Permission split: view audit_trail reports (read-only) vs run audit_trail verification (gates the CPU-expensive verify routes) vs administer audit_trail (secrets / chains / acks).
Admin pages: entries listing with side-by-side diff, chain collection, secret list, archive list with per-archive SHA-256 + lifecycle HMAC verdicts, ack list, settings form.
Bundled submodules: audit_trail_entity (generic entity events bridge), audit_trail_entity_paragraphs (paragraph ancestry contributor), audit_trail_tsa (RFC-3161 TSA timestamping). WebDAV bridging is a separate top-level contrib module (audit_trail_webdav) released independently.
Drush commands: audit_trail:verify, audit_trail:auto-archive, audit_trail:archive, audit_trail:purge, audit_trail:archive-restore, audit_trail:timestamp (TSA), audit_trail:rotate-secret / audit_trail:retire-secret (lifecycle).
Comprehensive test coverage: 185+ tests across unit / kernel / functional, covering happy-path writes, every tampering shape (row edit / delete / insert / hmac forge / chain-link break), multi-tamper detection, secret-rotation atomicity, contributor isolation, byte-stability of canonicalize(), TSA auth-options threading, lock-contention drop counter, chain-archive lifecycle, ack workflow.

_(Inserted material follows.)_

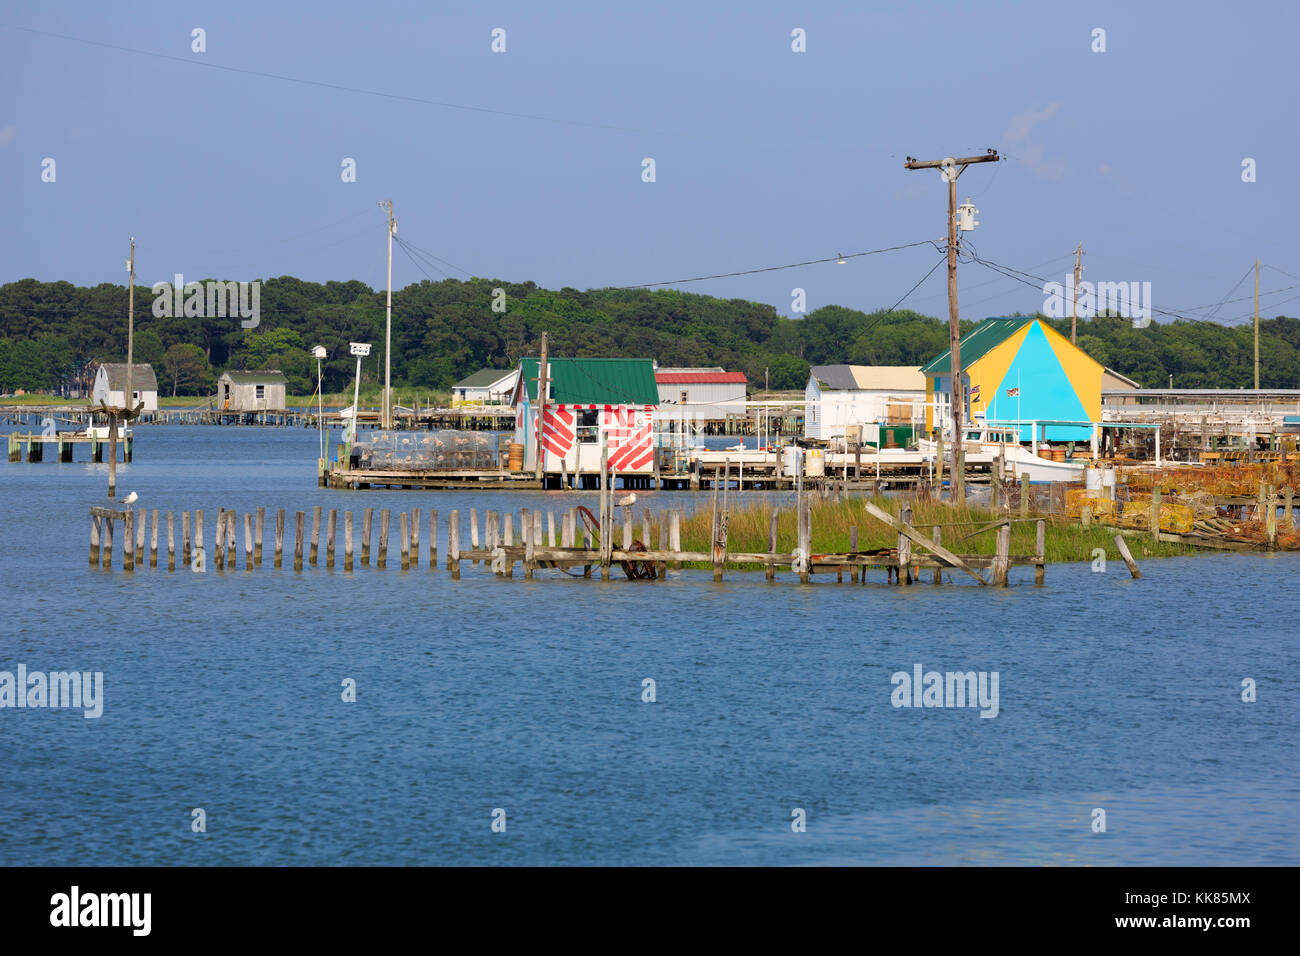 Fishing shanties and docks, Tangier Island, Chesapeake Bay Stock Photo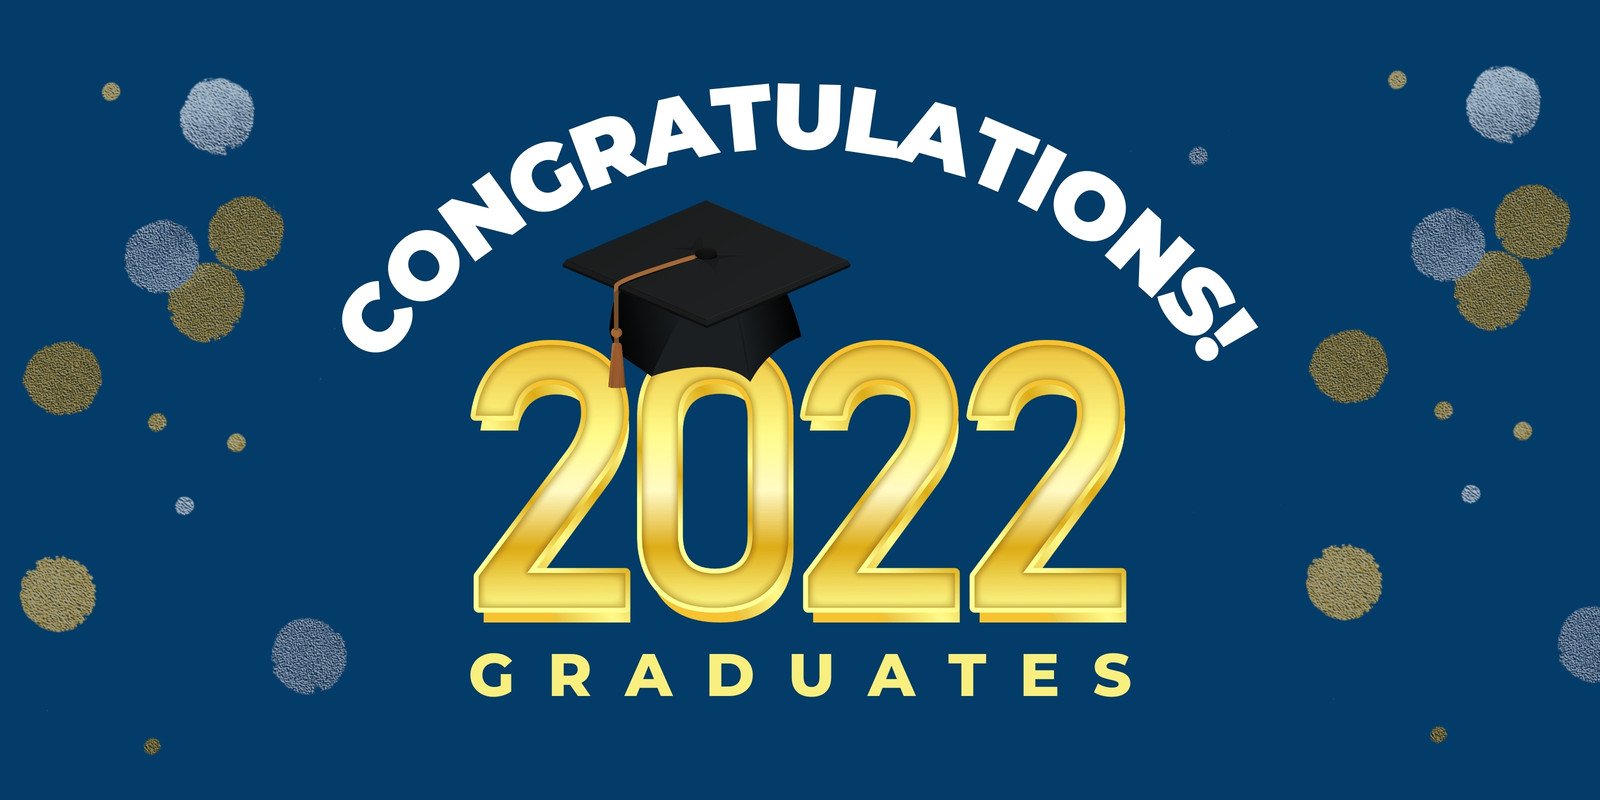 graduation-decorations-2021-congrats-grad-banner-graduation-photography

Near-term (1.x point releases)¶

Archive list lazy-load — the archive collection page recomputes SHA-256 on each visible NDJSON file at render time. Lazy-load the per-row badges via AJAX so the page becomes interactive in O(1) instead of O(archived files).
audit_trail:purge --resume — pick up after a partial purge run that crashed mid-way, instead of forcing operators to manually inspect the audit_trail_segment table to figure out the right next id range.
JSON-extract functional indexes — for sites that filter the entries list by uid / ip / request_uri on a multi-million-row chain, add generated columns + indexes in a settings-toggle-driven update hook. Default off (most installs don't filter at that scale).
TSA end-to-end test fixture — containerized TSA in audit_trail_tsa/tests/fixtures/ so the cron-driven TSA anchor flow gets covered without mocking the openssl pipeline.
Archive-format versioning column on the audit_trail_segment row — opt-in field declaring the NDJSON encoding (uncompressed | gzip | future variants). Default empty = uncompressed (current behavior); future compression / sharding MRs land when this column is populated. Small change; ships ahead of the first format- changing MR so writer + verifier branch on the column rather than the file content.
Multi-chain archive interleaving test — coverage gap: no kernel test currently exercises archive ops on two chains running concurrently. Pin the chain-write lock's per-chain isolation under interleaved access.
Published docs site — mkdocs build deployed alongside the drupal.org project page so operators get a navigable site instead of having to read the raw markdown. Read-the-Docs or a similar static host; the mkdocs.yml is already configured.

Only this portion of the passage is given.